3.4. Other Correction Results

To illustrate the effect of the removal method, after-pulse correction was performed on the data from shallow water and seawater with layered plankton, the results of which are shown in Figure 9. The red line is the original lidar signal, and the blue line is the signal after removing the after-pulse interference. For the shallow water at station A, it can be seen that there was no obvious interference behind the seabed in the signal after correction. For station B, the plankton layers were more conspicuous after correction, which indicates that the after-pulses mask the layered information. Thus, it is necessary to correct the after-pulse effect of the oceanic lidar signal. However, as the backscatter coefficient β is not homogeneous, the slope method is not applicable in seawater with layered plankton. It has been reported that the accurate retrieval of layered seawater optical properties can be carried out by means of high-spectral-resolution lidar or Raman lidar [28,40,41,42]. Subsequent hardware improvements will be made to improve the Raman scattering receiving efficiency, and a high-spectral-resolution channel will be added for accurate retrieval in layered water.

4. Discussion

The photon-counting technique is immune to the ringing effect caused by the detector’s amplification circuits, and thus has considerable advantages in high dynamic signal detection, even in the field of fluorescence lifetime measurement, where the signal is attenuated by several orders of magnitude within several nanoseconds. In this work, the shipborne photon-counting lidar also presented advantages in exponentially decaying oceanic backscatter signal observation. There are two major innovations in this research.

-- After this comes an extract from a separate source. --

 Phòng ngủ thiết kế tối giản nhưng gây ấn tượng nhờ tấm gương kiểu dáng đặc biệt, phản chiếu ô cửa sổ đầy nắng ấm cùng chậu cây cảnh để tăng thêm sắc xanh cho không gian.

Firstly, we introduce the photon-counting technique to the shipborne oceanic lidar for recovering the exponentially decaying signal. Compared with the analog-to-digital conversion circuits for data acquisition, the photon-counting technique greatly improves the signal quality of the oceanic lidar signal. The raw signal from the photon-counting oceanic lidar has a good signal-to-noise ratio even at 100 m, despite the signal at this depth being approximately 5 to 6 orders of magnitude lower than the signal near the water surface. For a lidar system with analog-to-digital circuits for data acquisition, it is hard to recover the exponentially decaying signal with good linearity, high sensitivity, and negligible oscillation.

Certainly, the high signal-to-noise ratio of the original signal only means that the lidar can identify the weak signal at the time corresponding to a depth of 100 m. The abnormal diffuse attenuation coefficients retrieved from the original signals indicates that the signals at large depths may not originate from the seawater scattering. The non-ideal instrument response and atmospheric backscatter are related to the long-lasting tails of the signal. These two interferences are collectively referred to as the lidar after-pulse. The after-pulse from the instrument itself may originate from the pulse tails of the laser, the non-ideal recovery of the detector under the illumination of the strong scattering light, or both. However, according to the test result using hard targets, the signal intensity of the instrumental transient response of the photon-counting lidar underwater was about four orders of magnitude smaller than the peak strength of the signal reflected by the waves, equivalent to seawater scattering at about 30–50 m. Meanwhile, the atmospheric scattering from the specular reflection by the water surface also had a similar signal intensity as the oceanic scattering in deep water, especially in nutrient-rich water. Both effects deviate the measured signal away from the actual oceanic scattering.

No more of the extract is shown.